* **TASK**: Reproduce exactly the lines of this material that begin at the line with "รุ่น Maddox (แมดดอกซ์)" and end at the line with "Juniper plant on the Lewis moorland", both included. Omit the pictures and everything else.

* **THE RECORDS**:
================

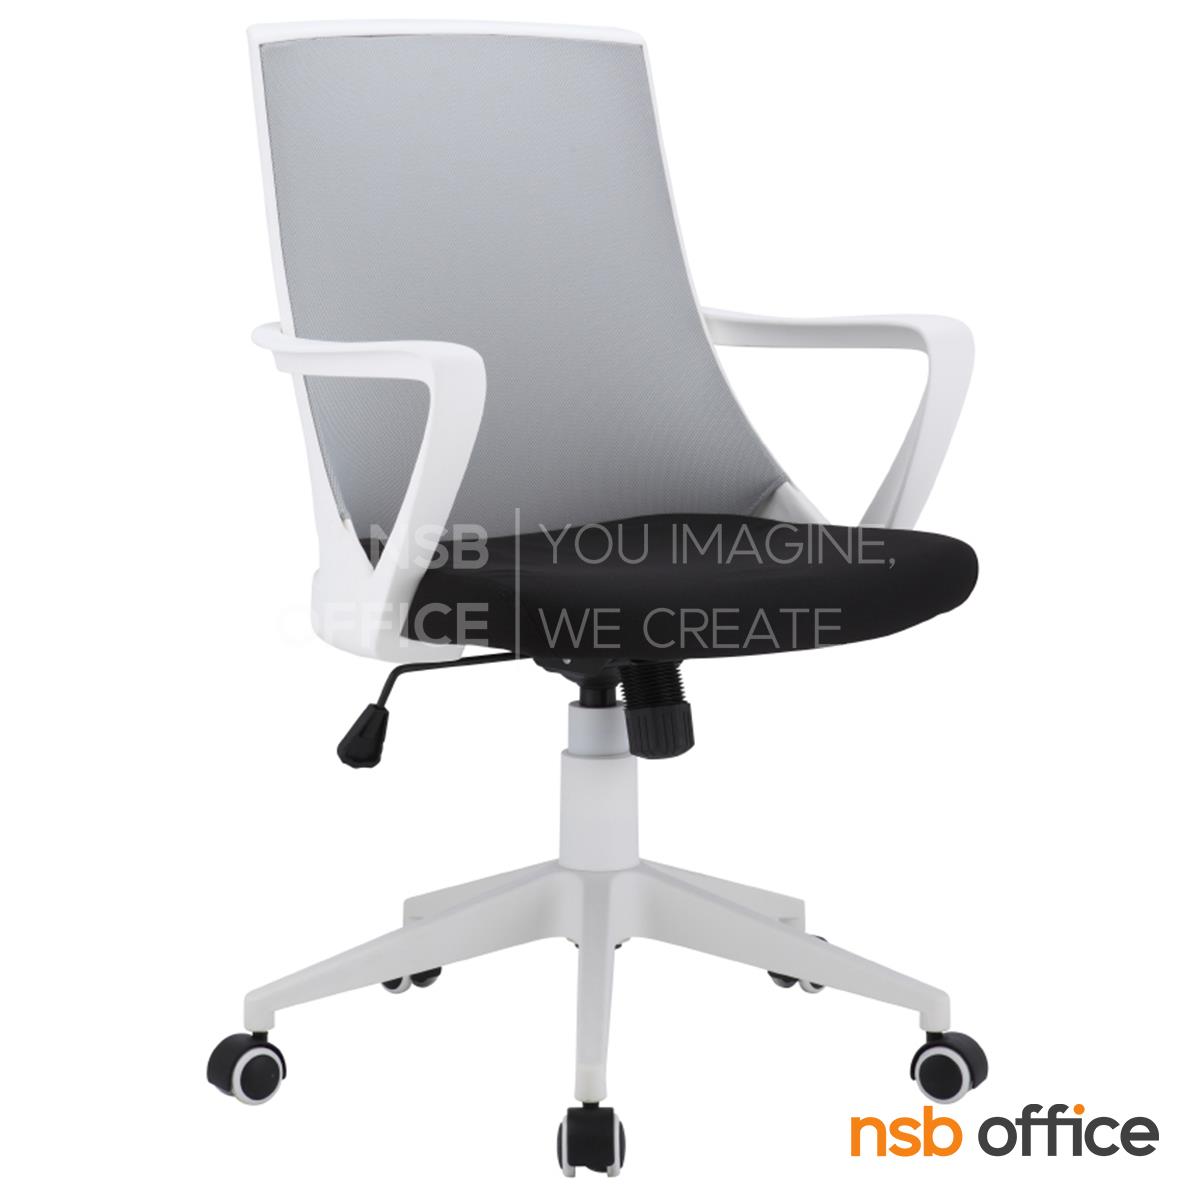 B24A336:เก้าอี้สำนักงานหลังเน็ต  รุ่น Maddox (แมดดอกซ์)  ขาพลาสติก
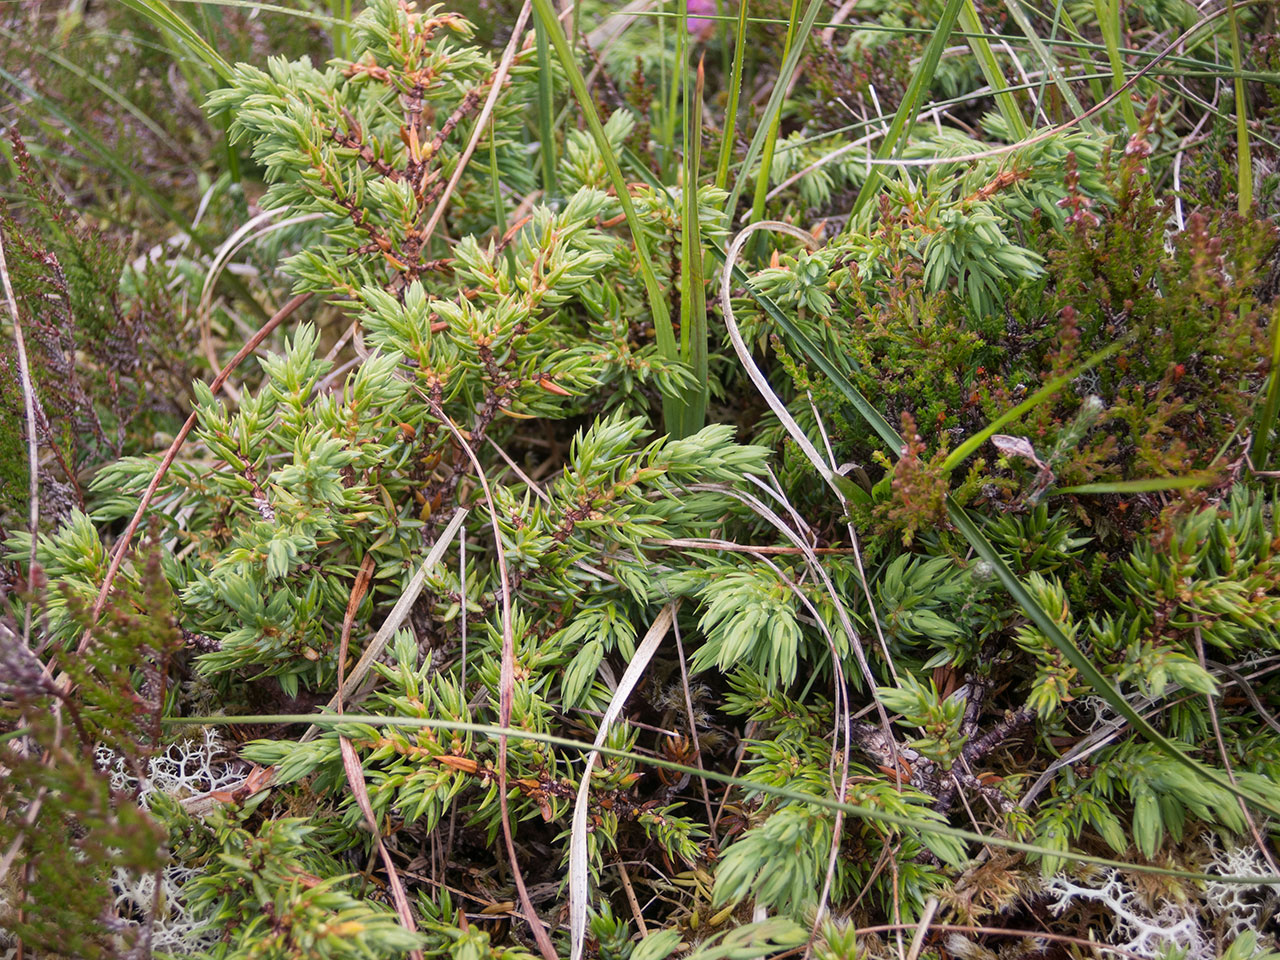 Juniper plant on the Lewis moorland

================

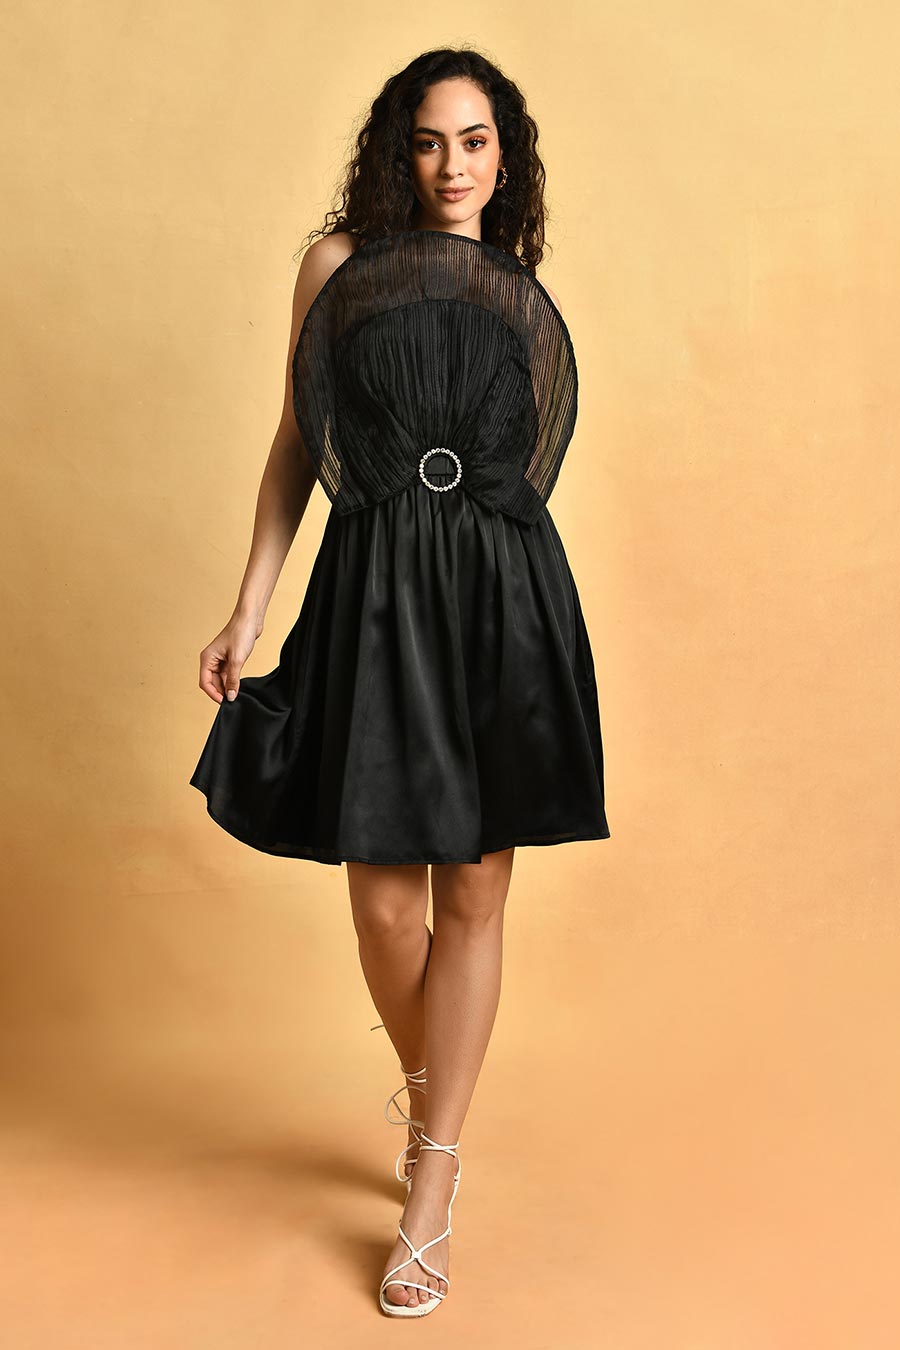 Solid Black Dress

================

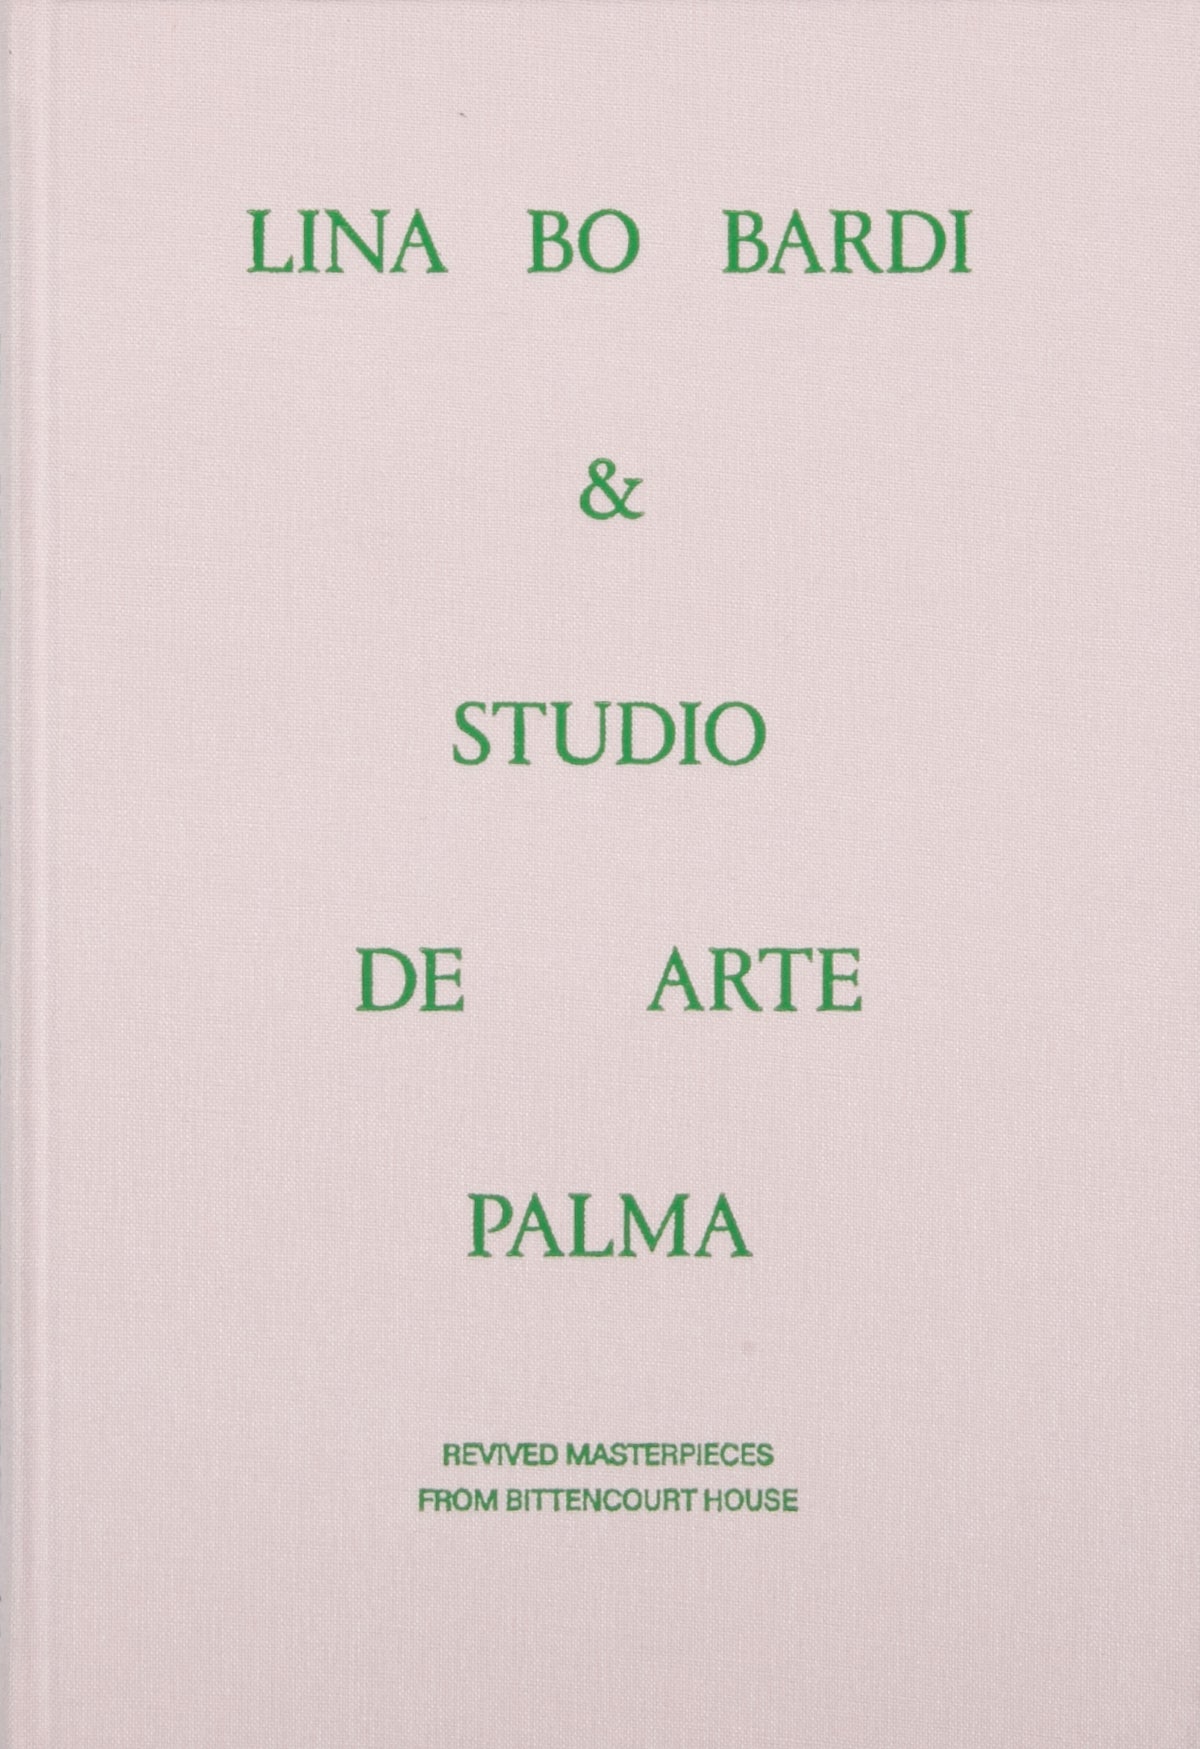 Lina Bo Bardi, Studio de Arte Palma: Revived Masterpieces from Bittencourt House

================

* **RESPONSE TO THIS TASK**:
 B24A336:เก้าอี้สำนักงานหลังเน็ต  รุ่น Maddox (แมดดอกซ์)  ขาพลาสติก
 Juniper plant on the Lewis moorland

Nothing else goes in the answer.